Battle for women’s access to a baccalaureate

A legal battle testifies to the difficulties experienced by women who study part-time while having a job and raising children: about fifteen students from the University of Montreal (UdeM), mostly students, are contesting in Superior Court a rule change that restricts their possibilities to obtain a bachelor’s degree.

These part-time students are opposed to an administrative shift that has tightened the means to obtain a baccalaureate by accumulating three certificates. They are enrolled in the Faculty of Continuing Education at UdeM, which has become the institution’s second largest with 14,000 students.

This faculty offers 31 certificates (in law, health, management, communication, early childhood, etc., which can be done in one year) to students who are generally looking to improve themselves after launching their careers: 80% work while in school, 77% are female, and the average age is 34, according to the UdeM website.

“It surprises us that the University is leading this battle [restreignant l’accès à un diplôme] », Says Me Marie-Claude St-Amant, one of the lawyers for the students in this case.

She does not understand the relentlessness of UdeM not to award a baccalaureate to these women, most of whom have accumulated the 90 credits required for this undergraduate degree. For these students, the bachelor’s degree is essential to obtaining a promotion, a career change or the pursuit of master’s studies.

Quality of diplomas first

In a document filed in Superior Court, the University of Montreal indicates that in 2014 it tightened the regulations governing bachelor’s degrees obtained by accumulating certificates “to ensure the quality of the diplomas and so that the knowledge acquired is always up to date”.

UdeM now requires that the three certificates have been obtained in less than 10 years. Applications for the baccalaureate must be made no later than 24 months after the last diploma was awarded. A certain number of credits must have been obtained at the University of Montreal, HEC Montreal or Polytechnique.

“The cumulative baccalaureate has never been a program a student can enroll in. The regulation provides that a student who meets the required criteria may combine several diplomas or certificates and be eligible to obtain a bachelor’s degree by accumulation. This is not a right, the student must apply for it at the end of schooling, ”specifies UdeM in its defense.
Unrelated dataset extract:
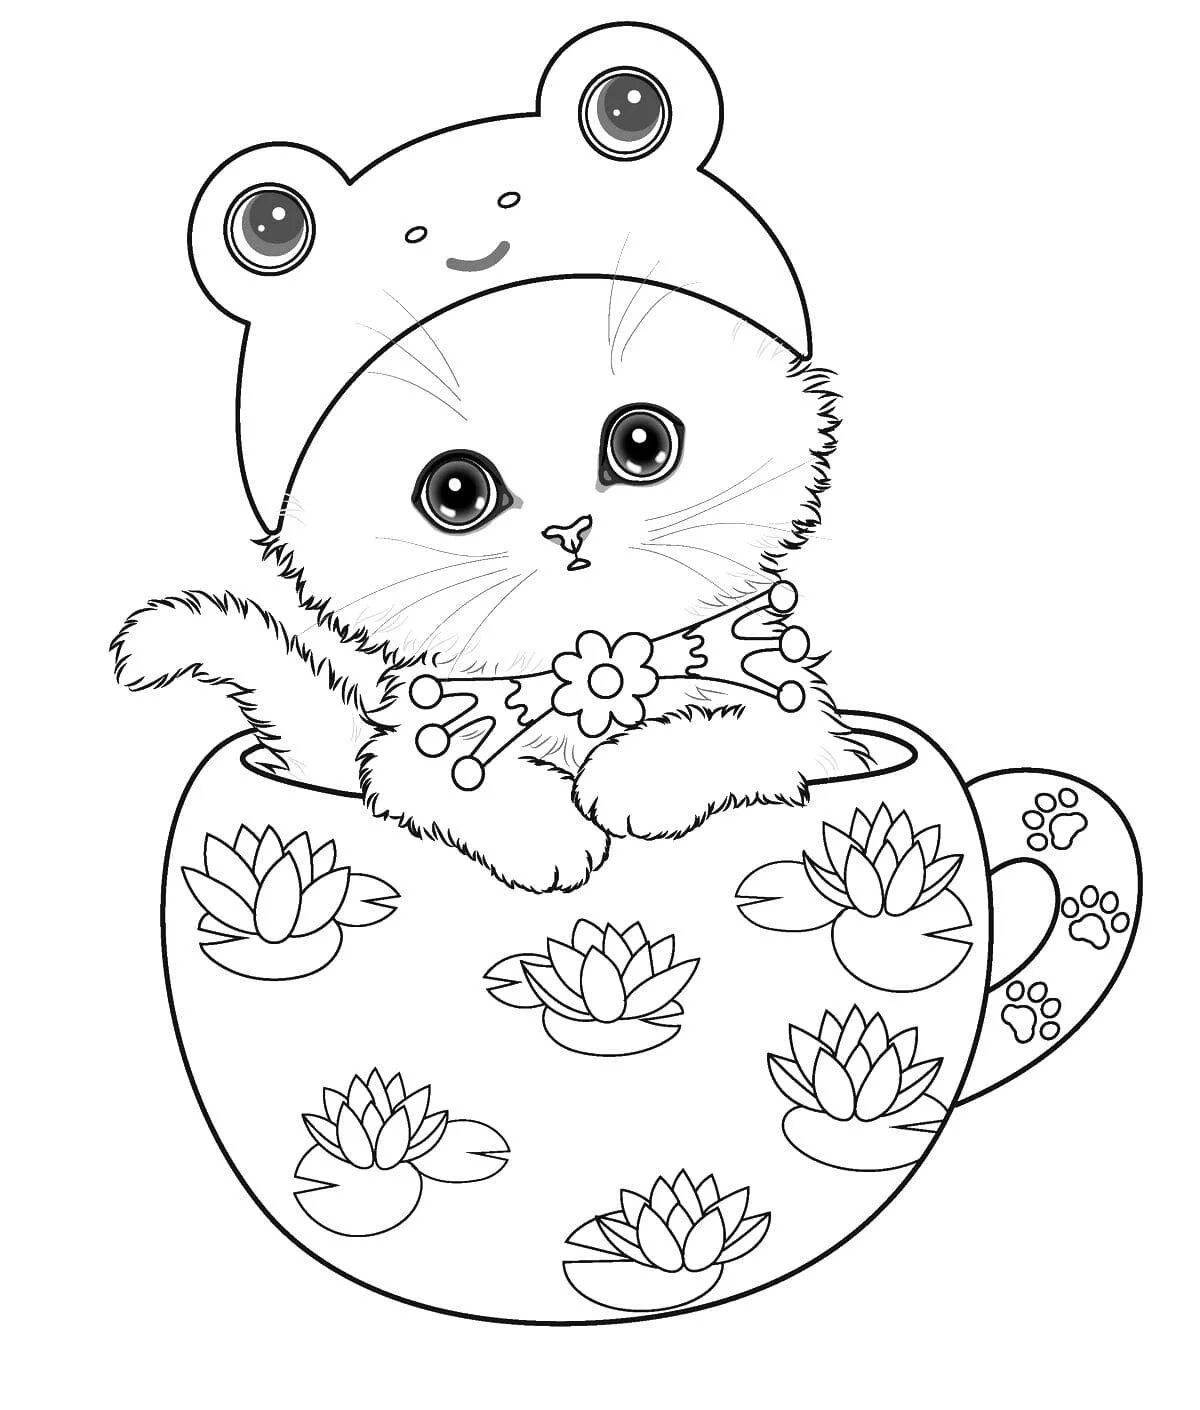 Cute and lovable cat coloring book

Marie-Claire Forté, a 43-year-old mother, is one of those who demanded more flexibility from UdeM in recognizing her studies. This artist teaches dance as a lecturer. She obtained three certificates (in translation and in writing) between the years 2002 and 2017 as a precaution, due to the precariousness of the work in her field.

She planned to obtain a baccalaureate by having her 90 credits recognized, but the change in UdeM’s regulations screwed up her plans. “All my colleagues have a master’s degree, but without a bachelor’s degree, I cannot do a master’s! It’s not serious, ”she laments.